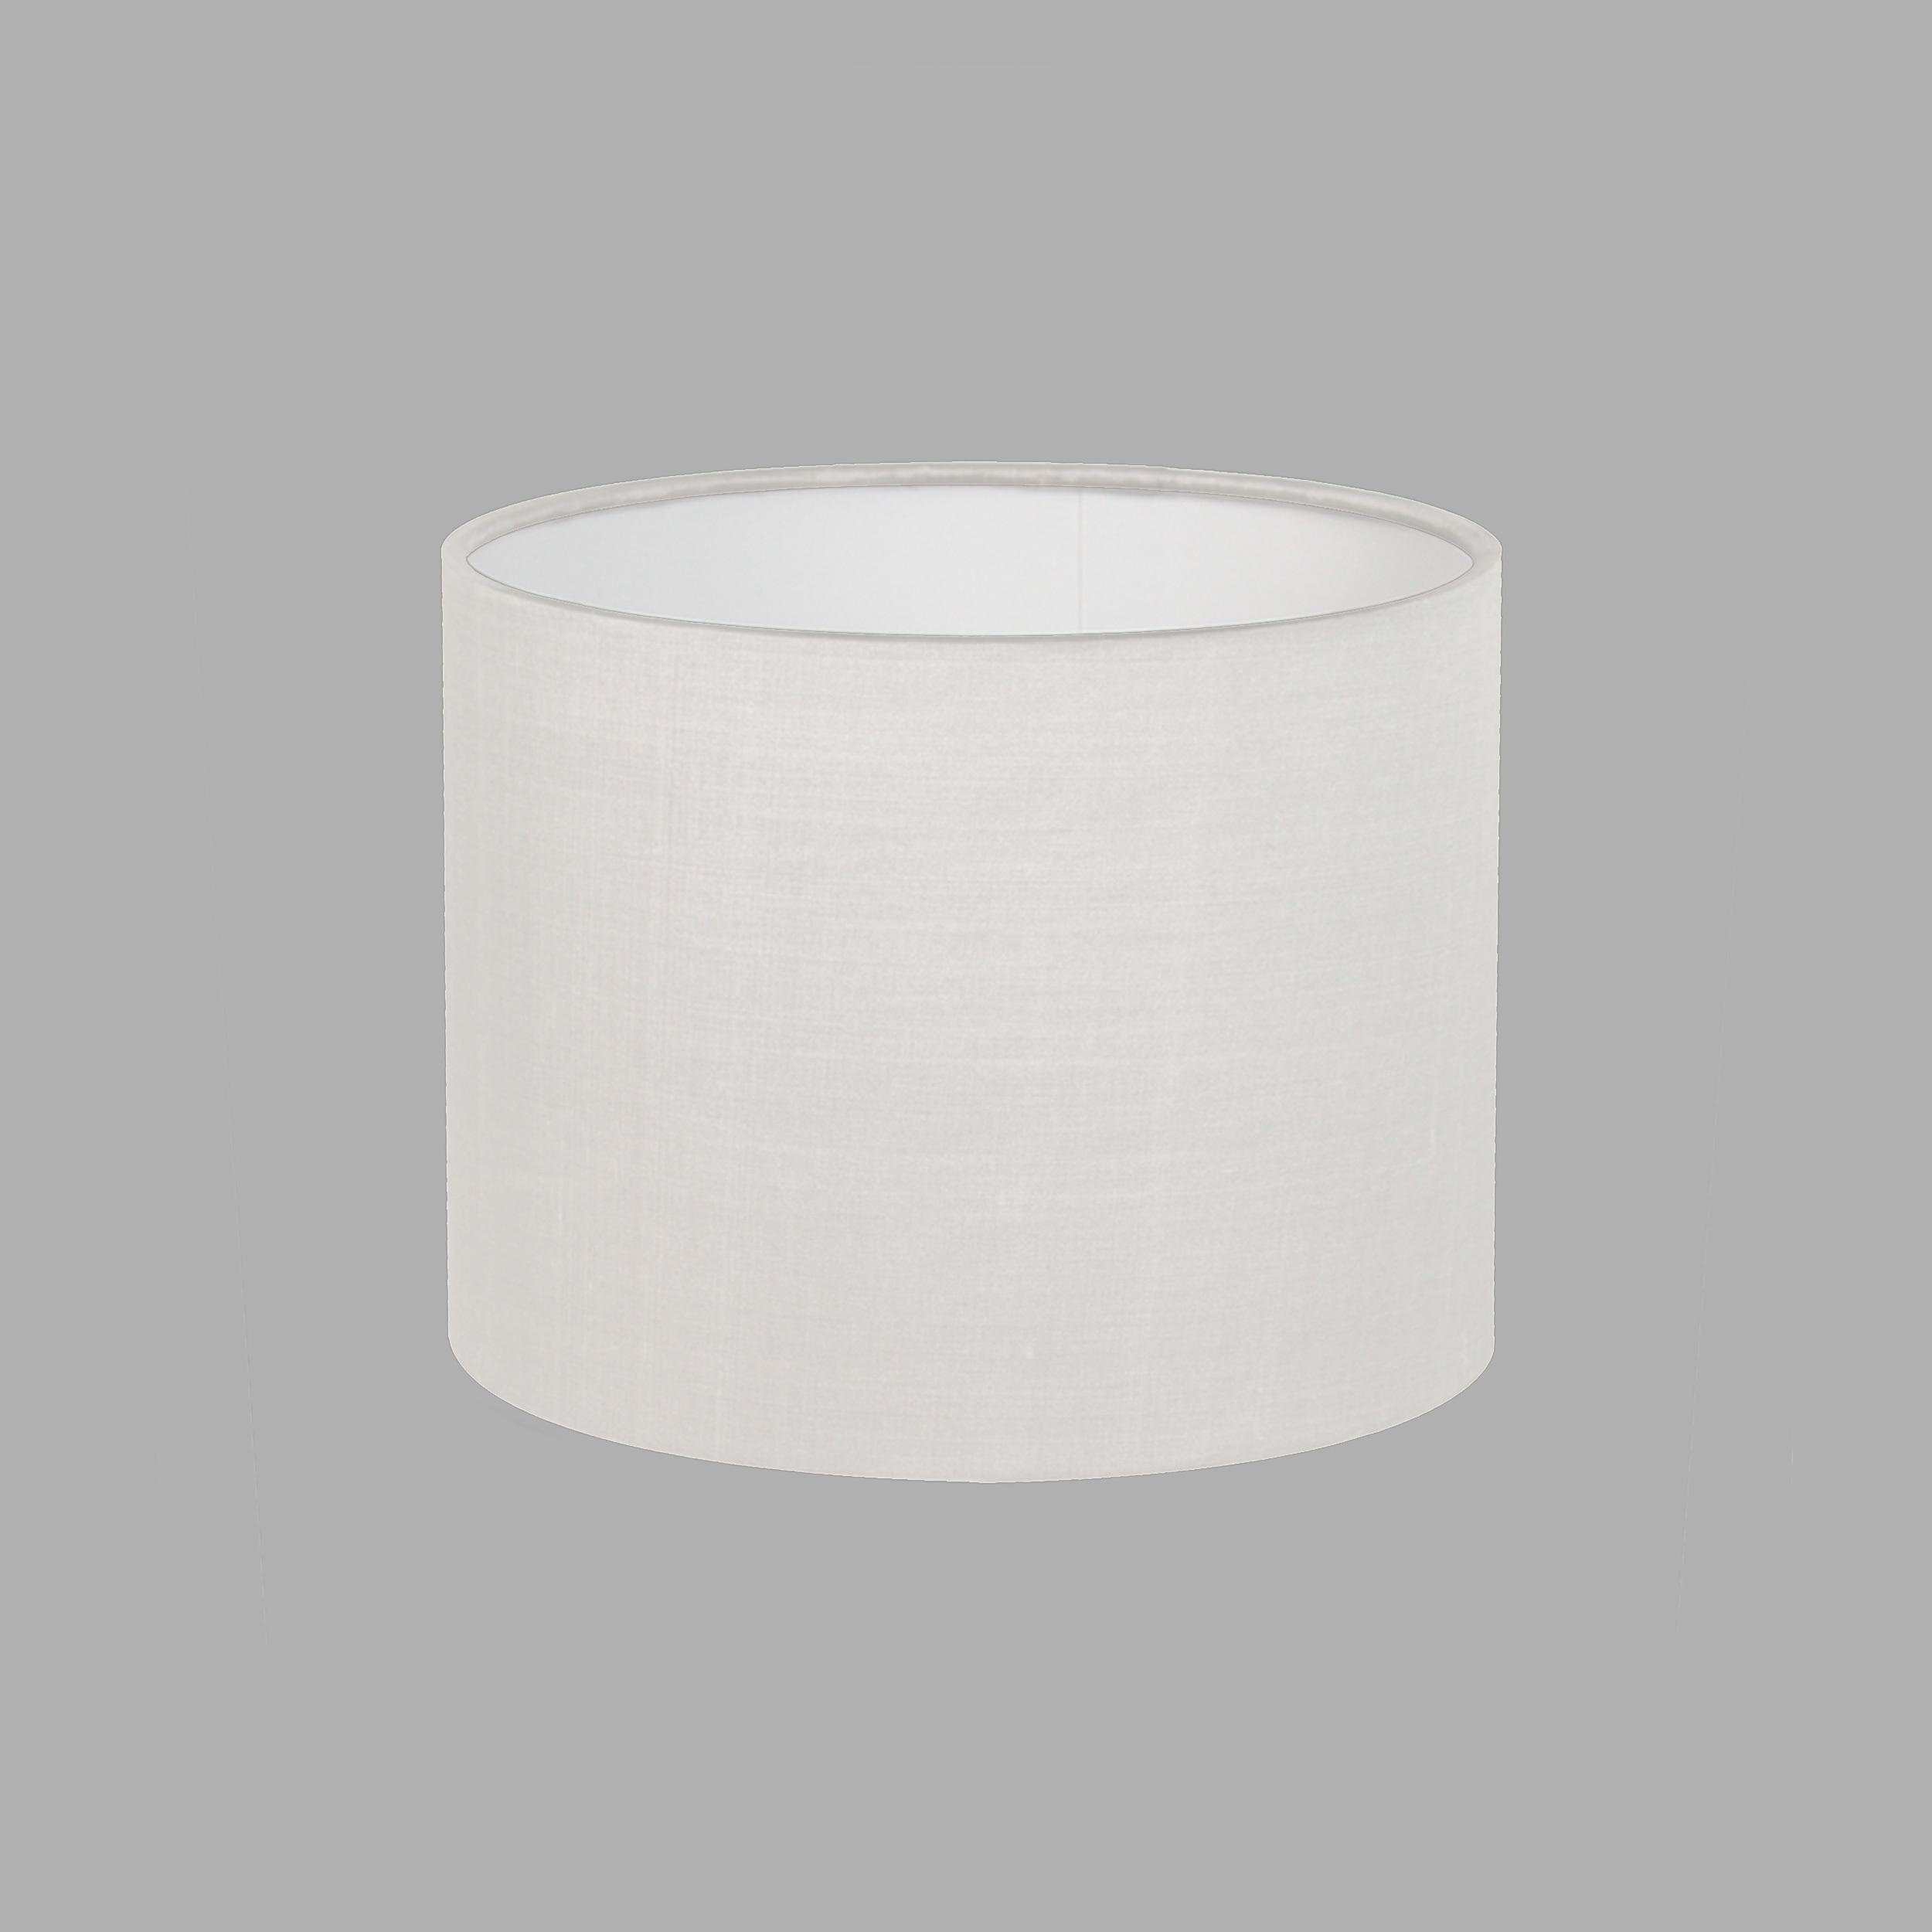 Абажур Astro Drum 5016001 (4061), белый, текстиль - фото 1
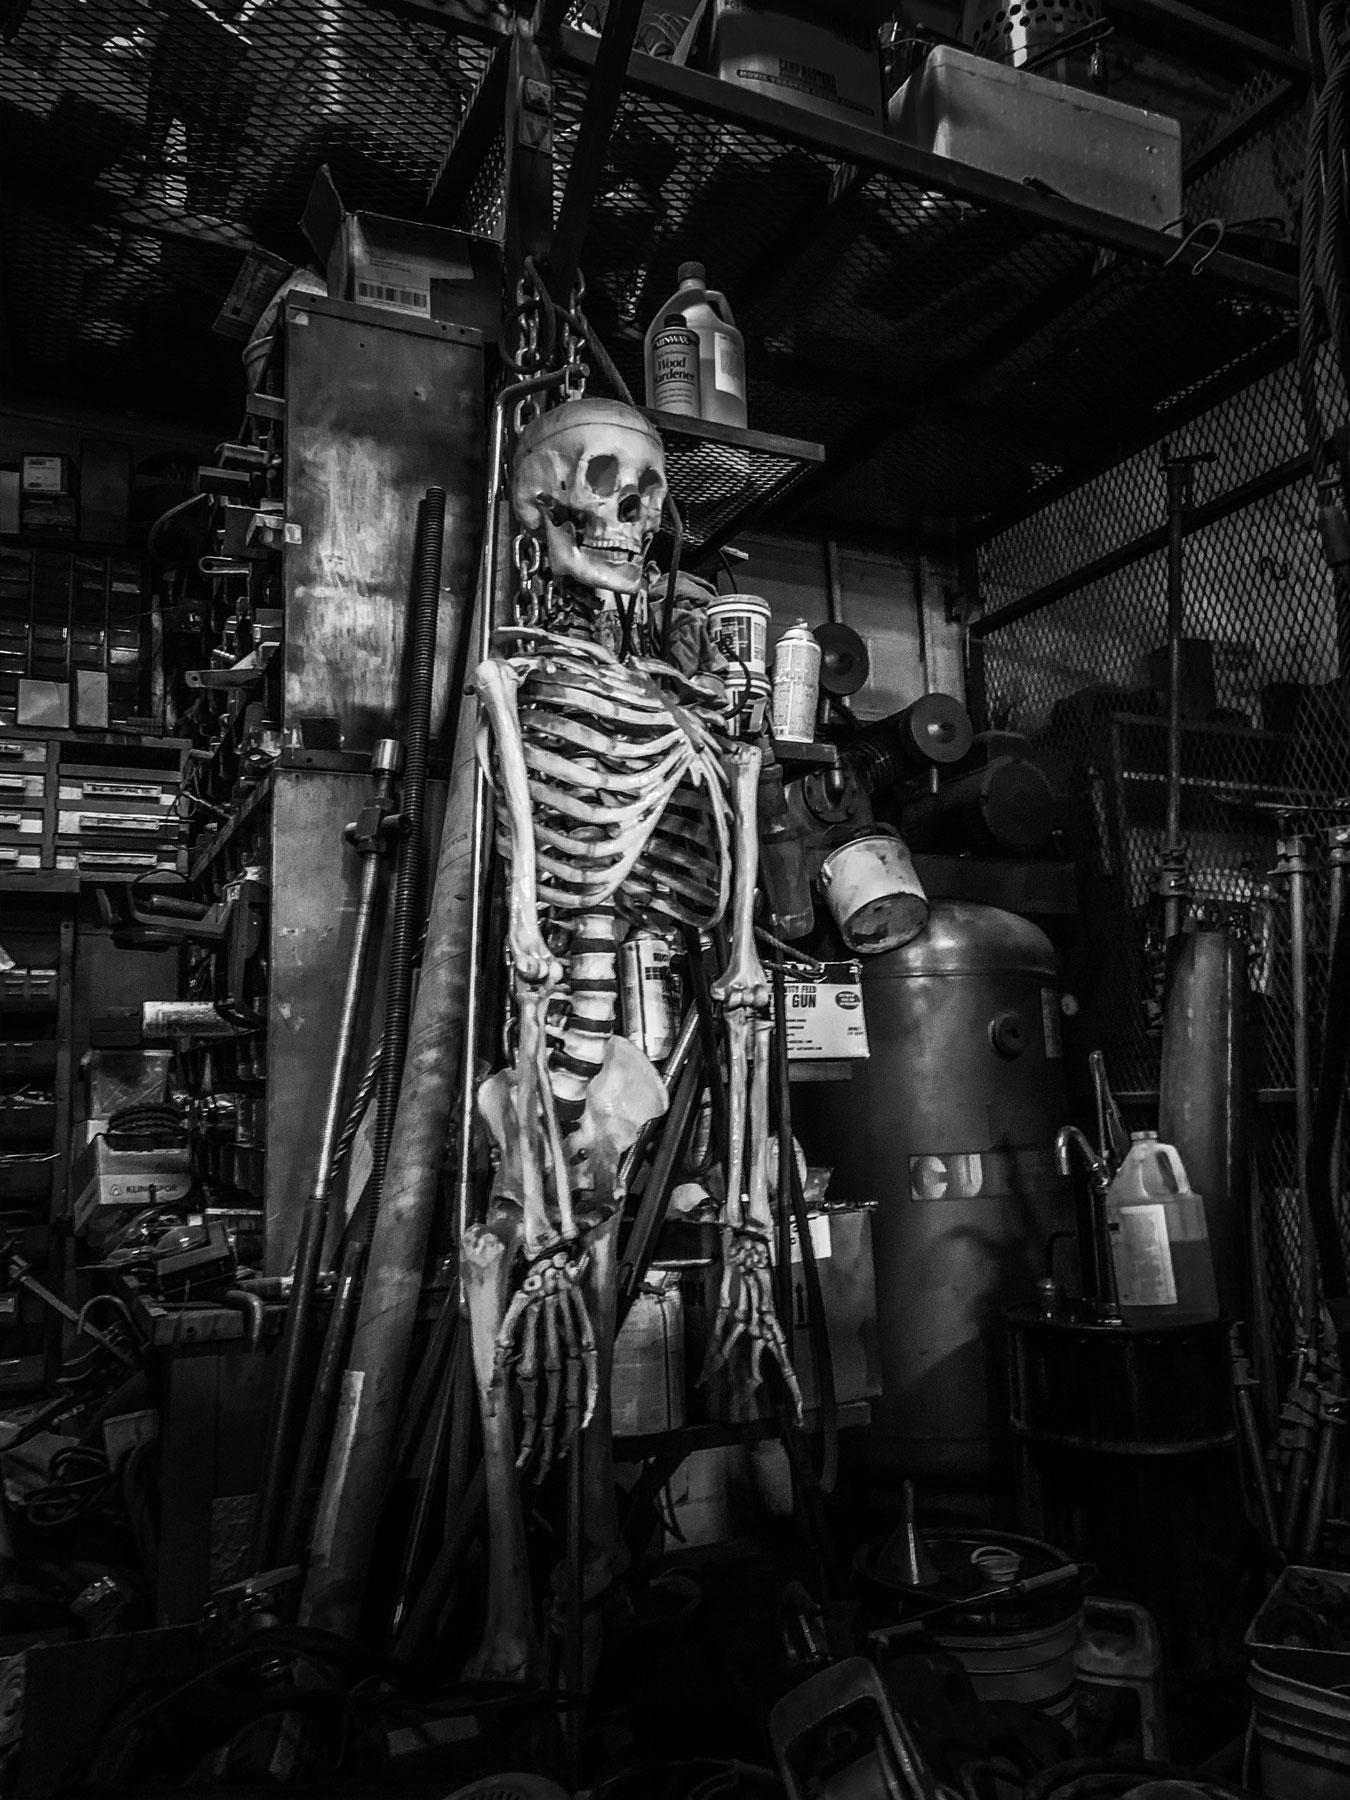 Frank the skeleton
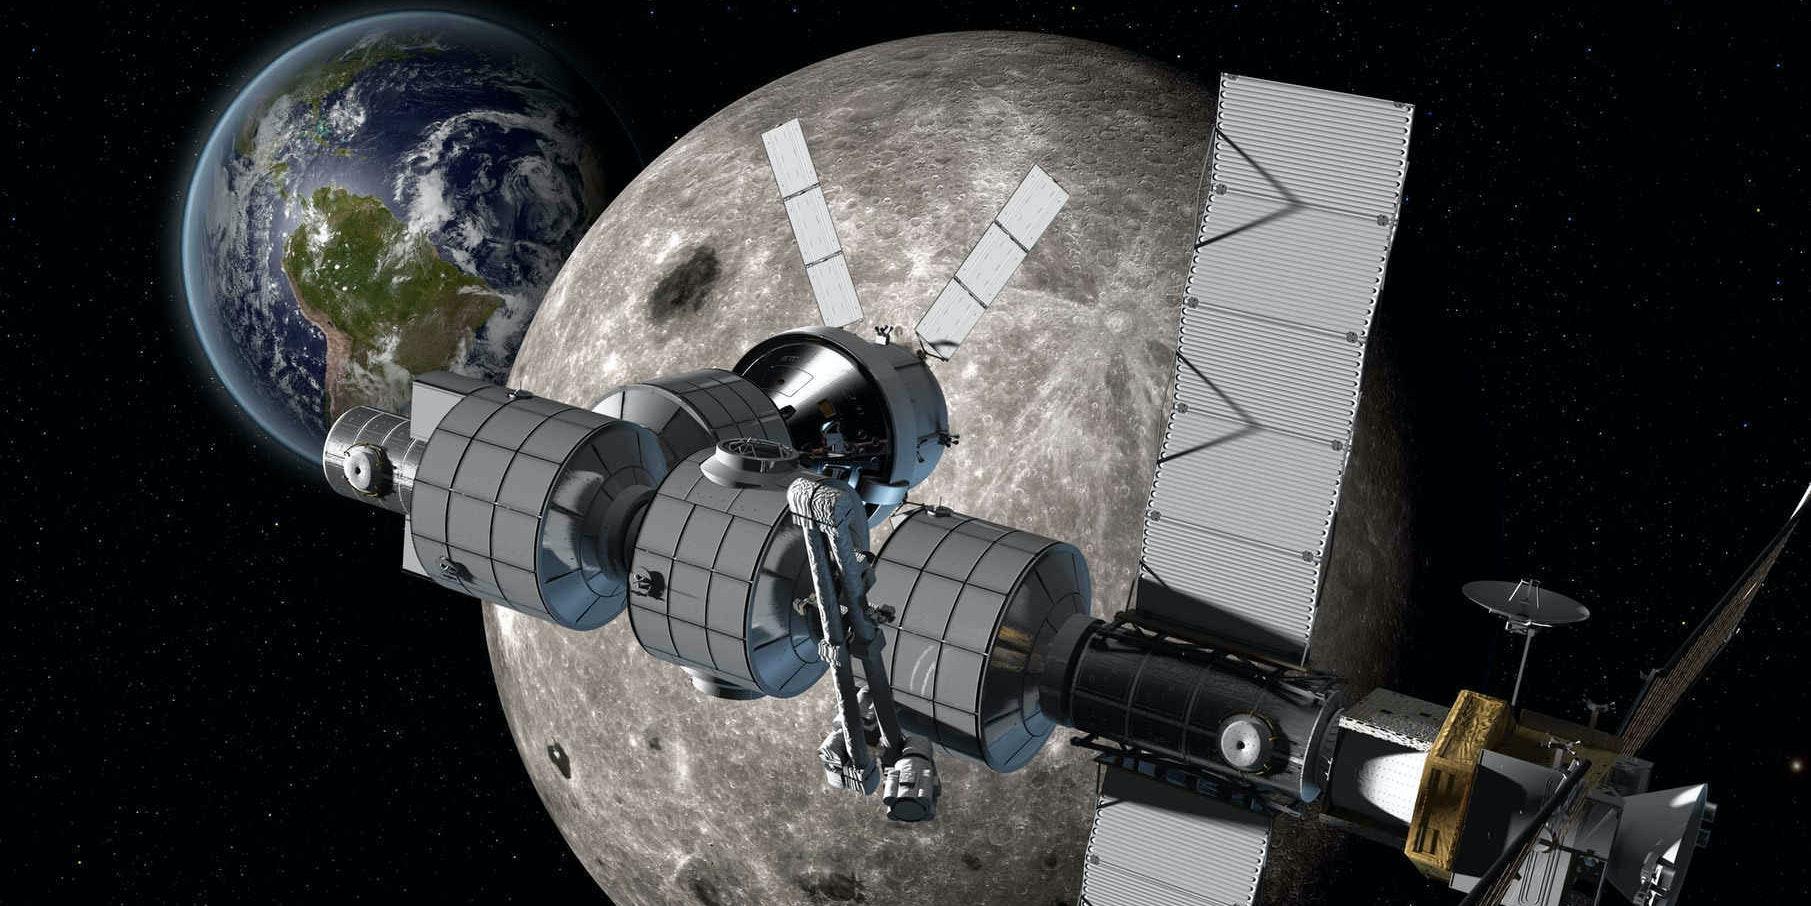 Artist's rendering of Boeing's proposed crewed lunar station.

=== Task instructions ===
Without the pictures, write out the listing exactly as it appears above.

=== Solution to this problem ===
 Абажур Astro Drum 5016001 (4061), белый, текстиль - фото 1
 Frank the skeleton
 Artist's rendering of Boeing's proposed crewed lunar station.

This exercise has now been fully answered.